Infrastructure for Building Parallel Database Systems for
Multi-dimensional Data
Infrastructure for Building Parallel Database Systems for
Multi-dimensional Data
Files
Publication or External Link
Date
1998-10-15
Authors
Chang, Chialin
Sussman, Alan
Saltz, Joel
Advisor
Citation
DRUM DOI
Abstract
As computational power and storage capacity increase, processing and
analyzing large volumes of multi-dimensional datasets play an increasingly
important part in many domains of scientific research.
Our study of a large set of scientific applications over the past three
years indicates that the processing for such datasets is often highly
stylized and shares several important characteristics. Usually, both the
input dataset as well as the result being computed have underlying
multi-dimensional grids. The basic processing step usually consists of
transforming individual input items, mapping the transformed items to the
output grid and computing output items by aggregating, in some way, all the
transformed input items mapped to the corresponding grid point. In this
paper, we present the design of T2, a customizable parallel database
that integrates storage, retrieval and processing of multi-dimensional
datasets. T2 provides support for common operations including index
generation, data retrieval, memory management, scheduling of processing
across a parallel machine and user interaction.

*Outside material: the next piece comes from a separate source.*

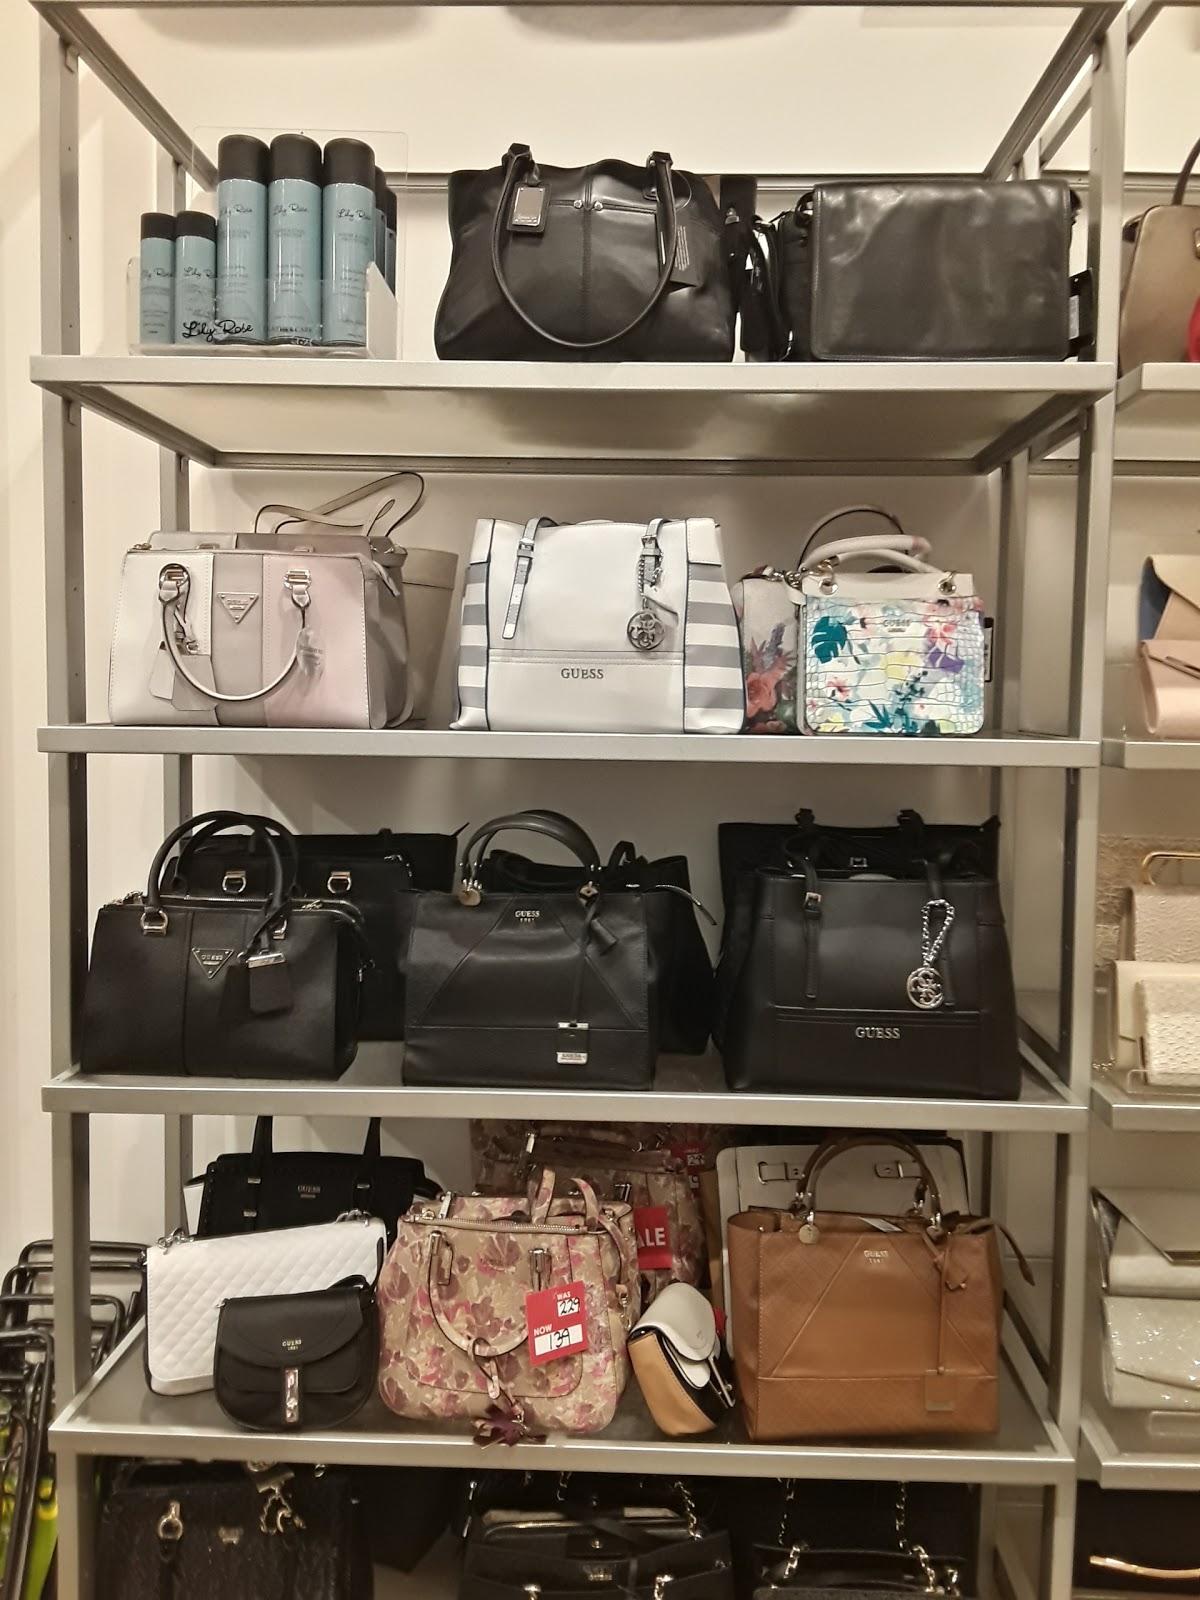 264ce68167f01d Guess Handbags Strandbags | Handbag Reviews 2018
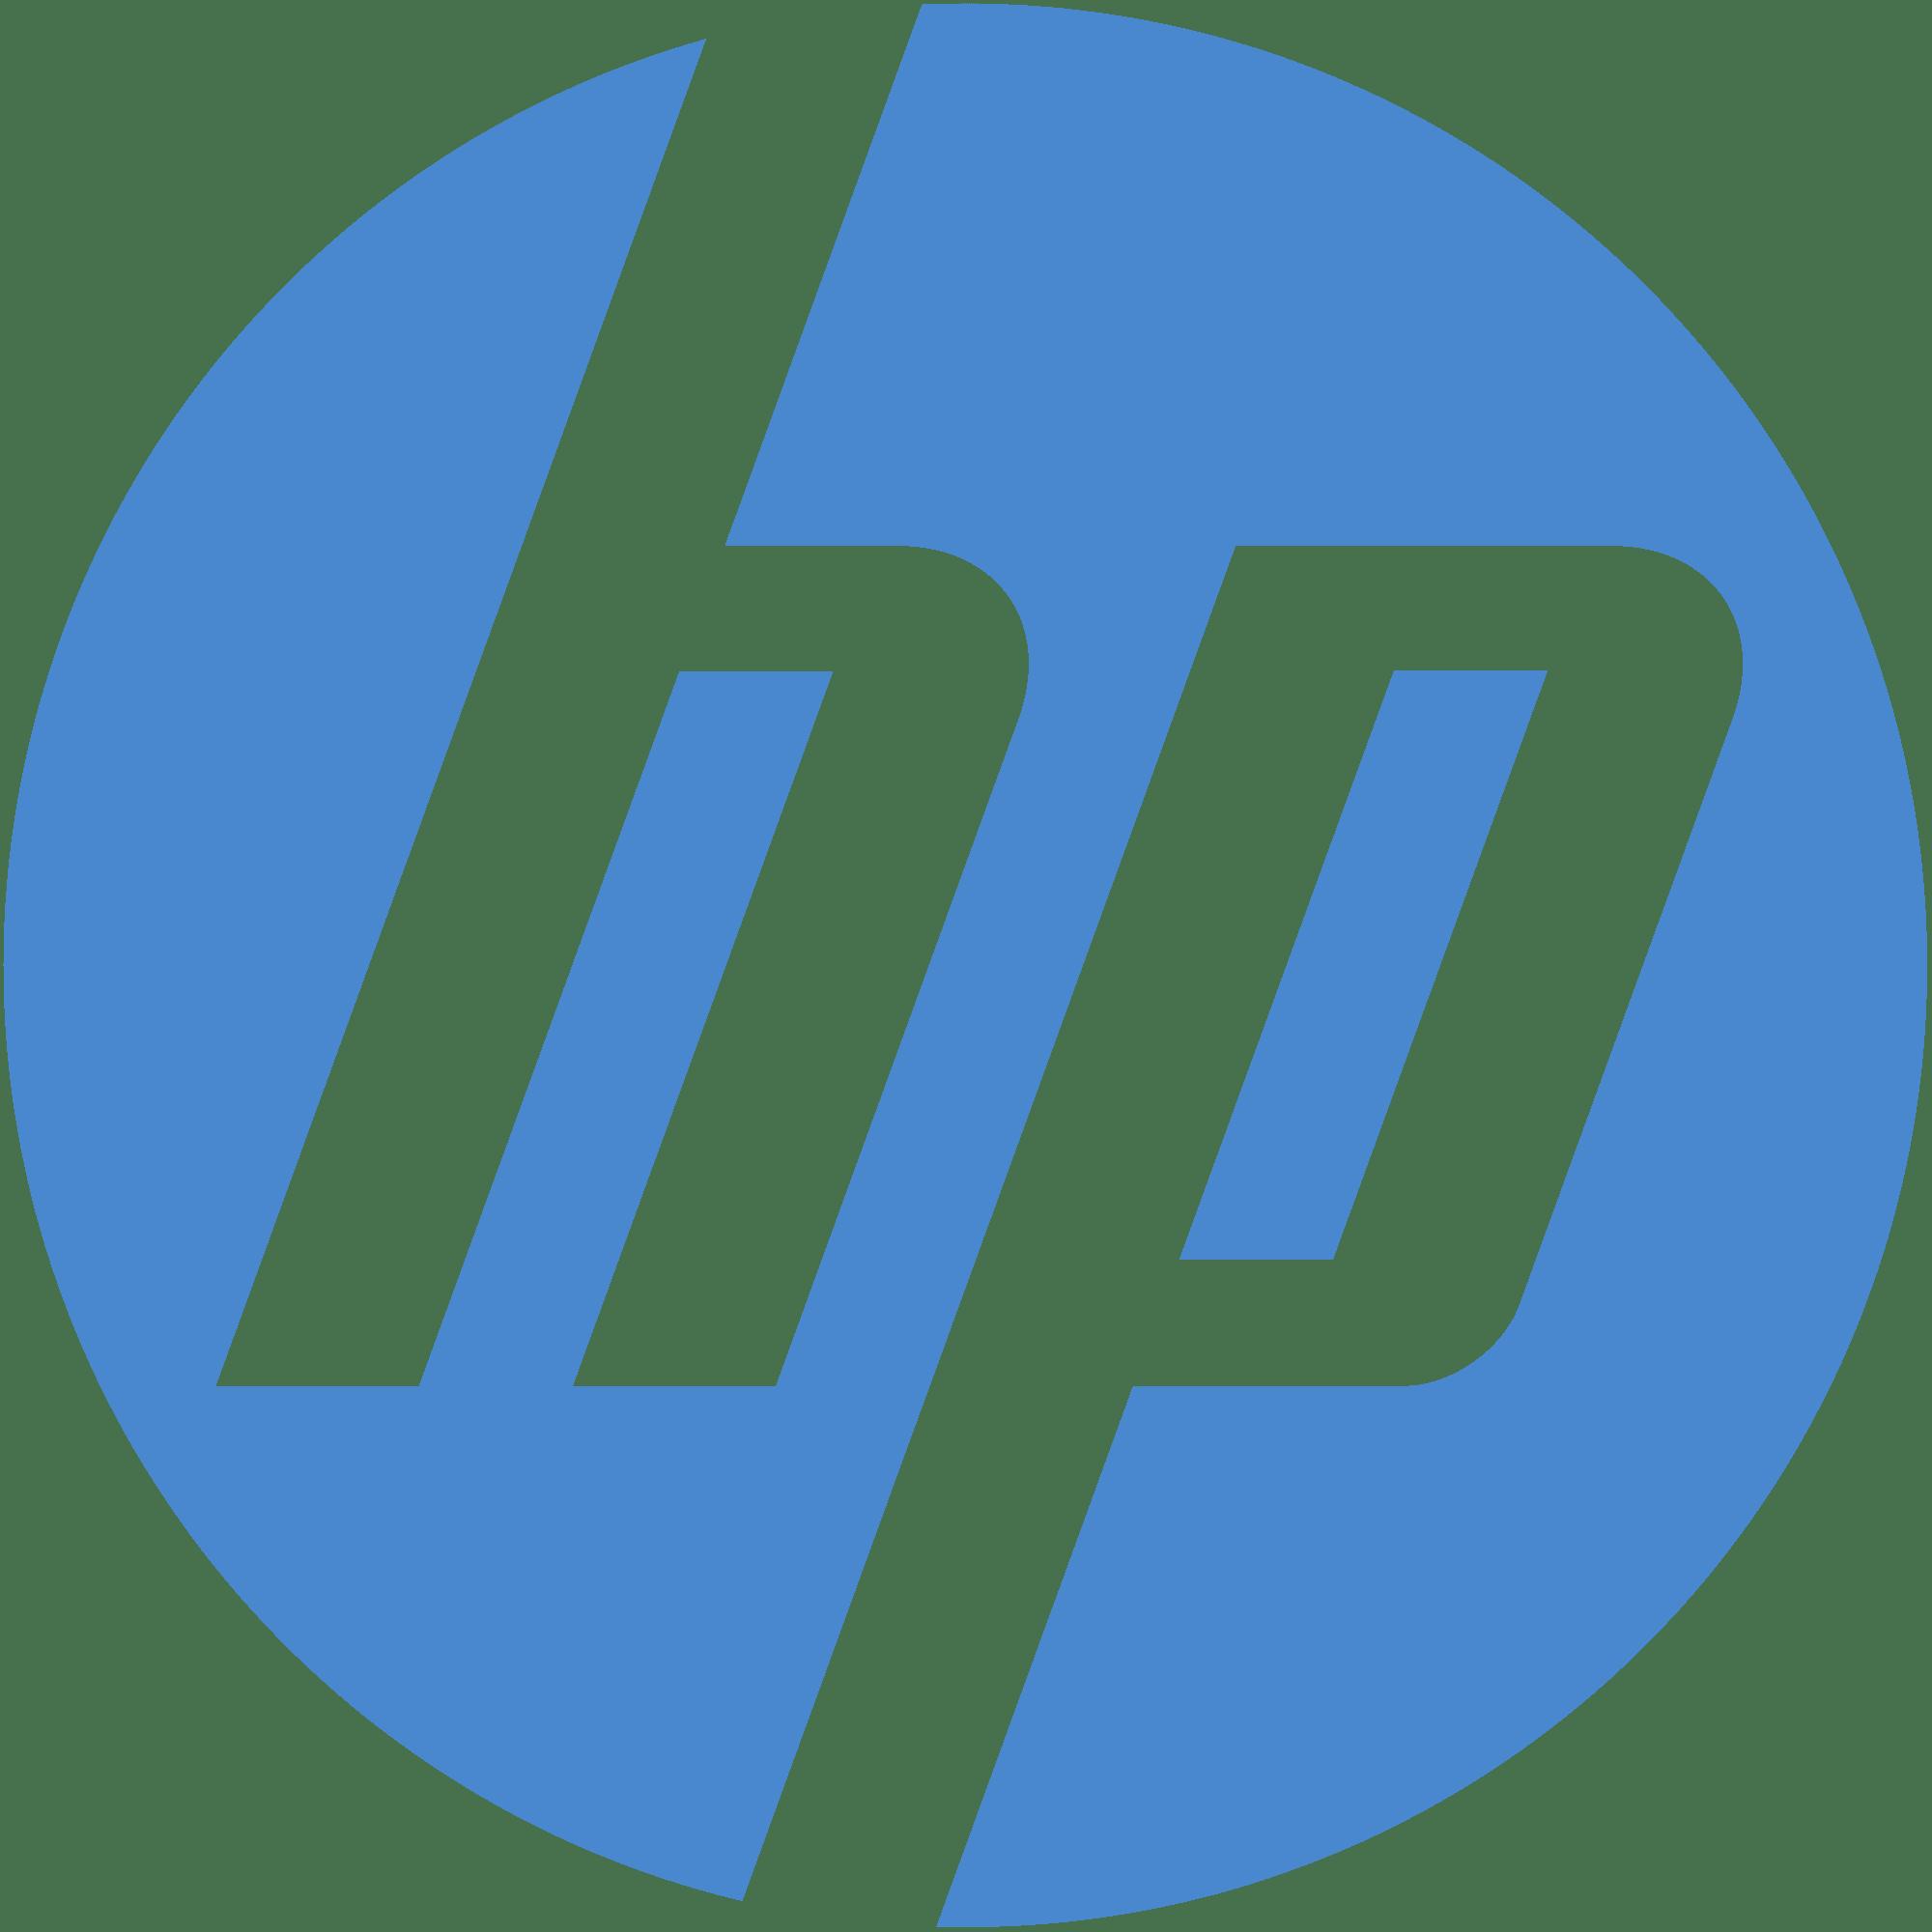 HP Deskjet 3050 Printer J610 Driver

It achieves its primary
advantage from the ability to seamlessly integrate data retrieval and
processing for a wide variety of applications and from the ability to
maintain and jointly process multiple datasets with different underlying
grids. We also present some preliminary performance results comparing the
implementation of a remote-sensing image database using the T2 services
with a custom-built integrated implementation.
(Also cross-referenced as UMIACS-TR-98-24)